(Records excerpted from a collection)
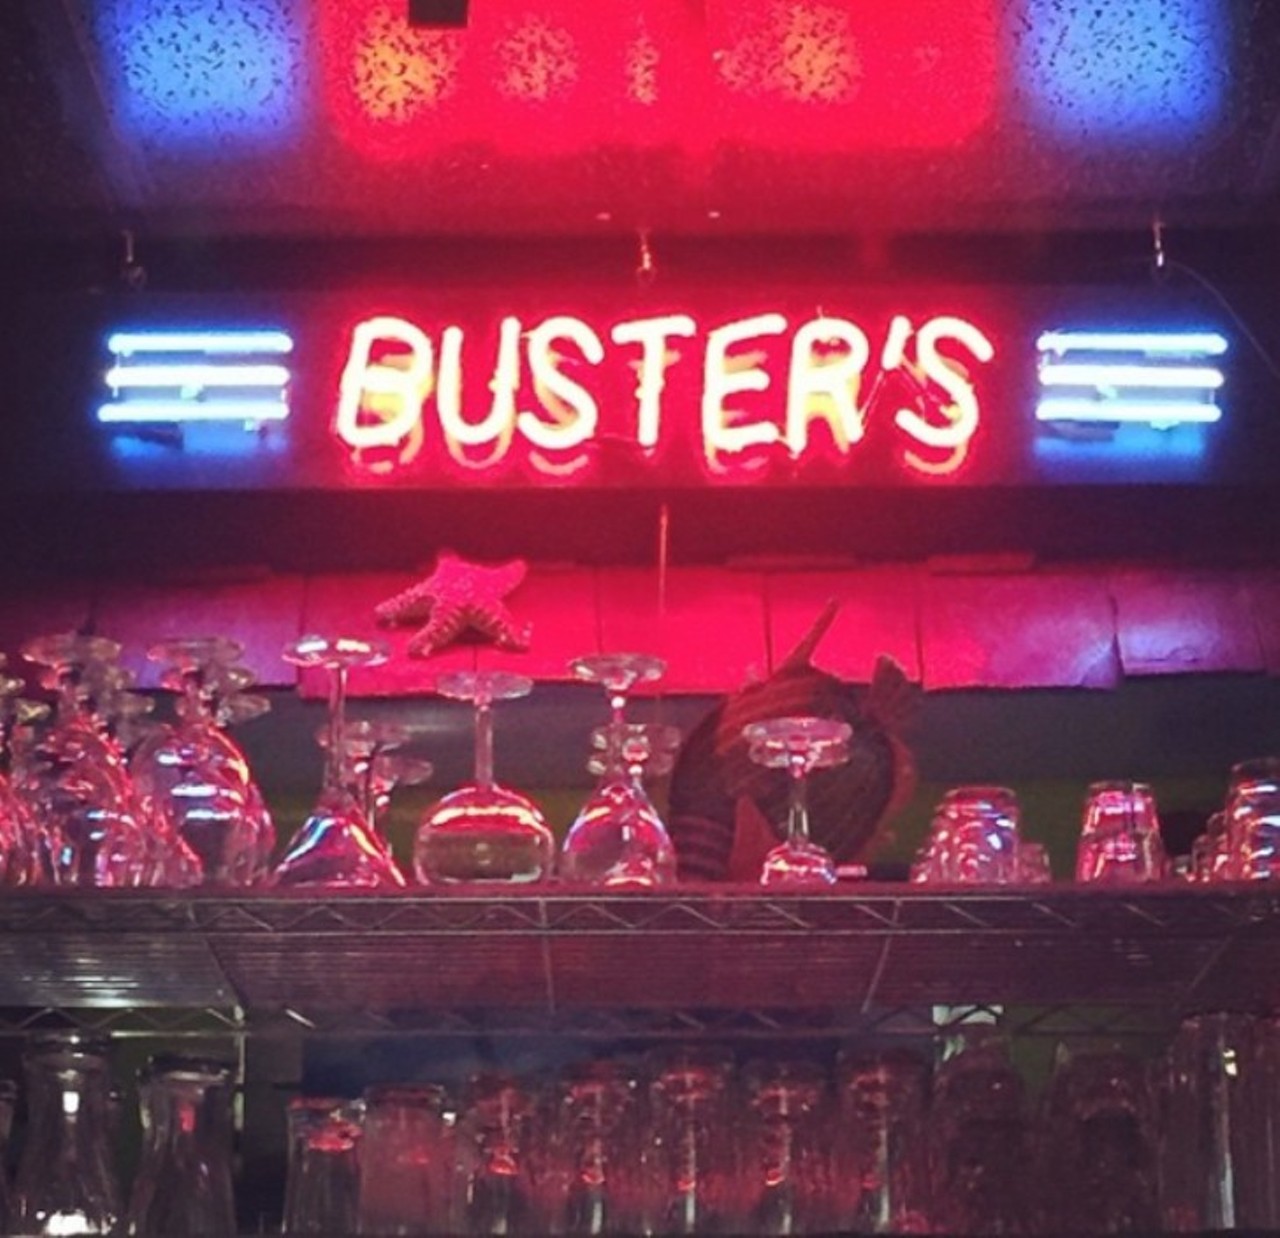 Buster&#146;s Place
5784 W. Jefferson Ave., Trenton 
Bust out some rock and roll on Buster&#146;s jukebox and munch on a basket of fried pretzels at this hidden trove in Trenton. Their burger specials and draughts will totally put Buster&#146;s on your map. 
Photo by  @jentrussell
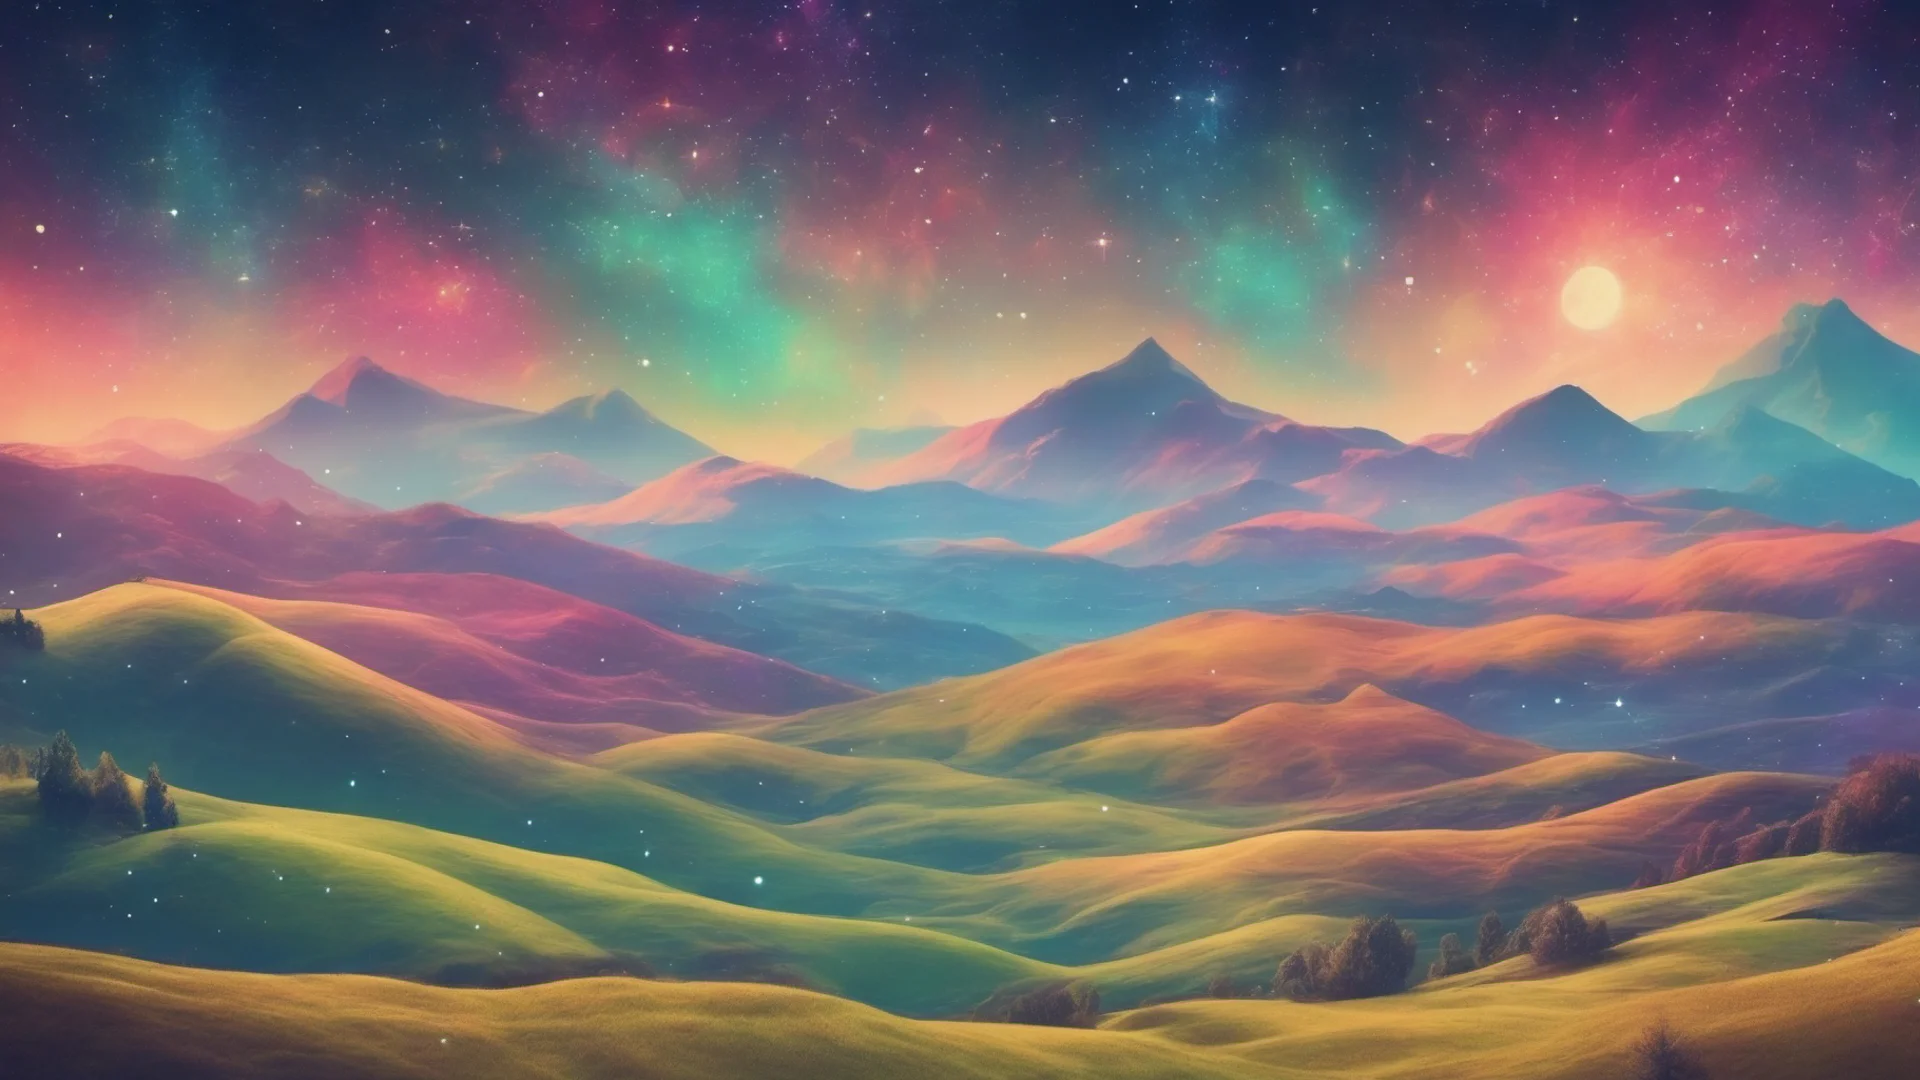 aiamazing background gentle rolling hills valleys colorful fantasy universe stars good looking trending fantastic 1 wide
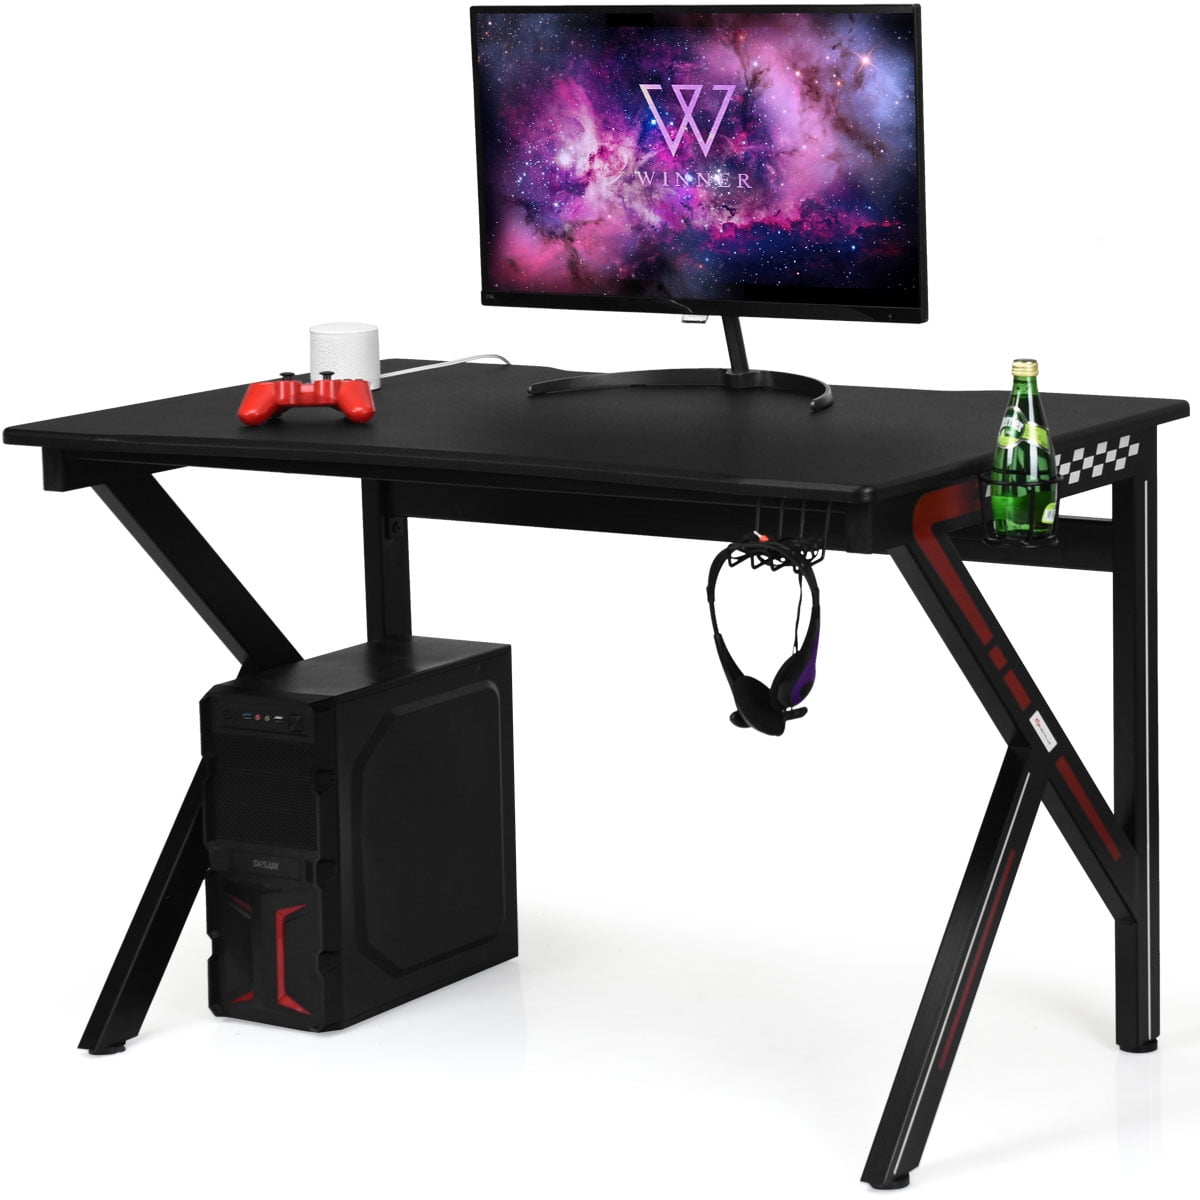 Racing Style Student Table Gamer Station Home Office PC Computer Desk with Cup Holder & Headphone Hook AuAg 47 inch Gaming Desk with RGB Lights

→ **About this task**: For every line above, produce an exact transcription that omits the images.

→ **Finished task**:
 Buster&#146;s Place
5784 W. Jefferson Ave., Trenton 
Bust out some rock and roll on Buster&#146;s jukebox and munch on a basket of fried pretzels at this hidden trove in Trenton. Their burger specials and draughts will totally put Buster&#146;s on your map. 
Photo by  @jentrussell
 aiamazing background gentle rolling hills valleys colorful fantasy universe stars good looking trending fantastic 1 wide
 Racing Style Student Table Gamer Station Home Office PC Computer Desk with Cup Holder & Headphone Hook AuAg 47 inch Gaming Desk with RGB Lights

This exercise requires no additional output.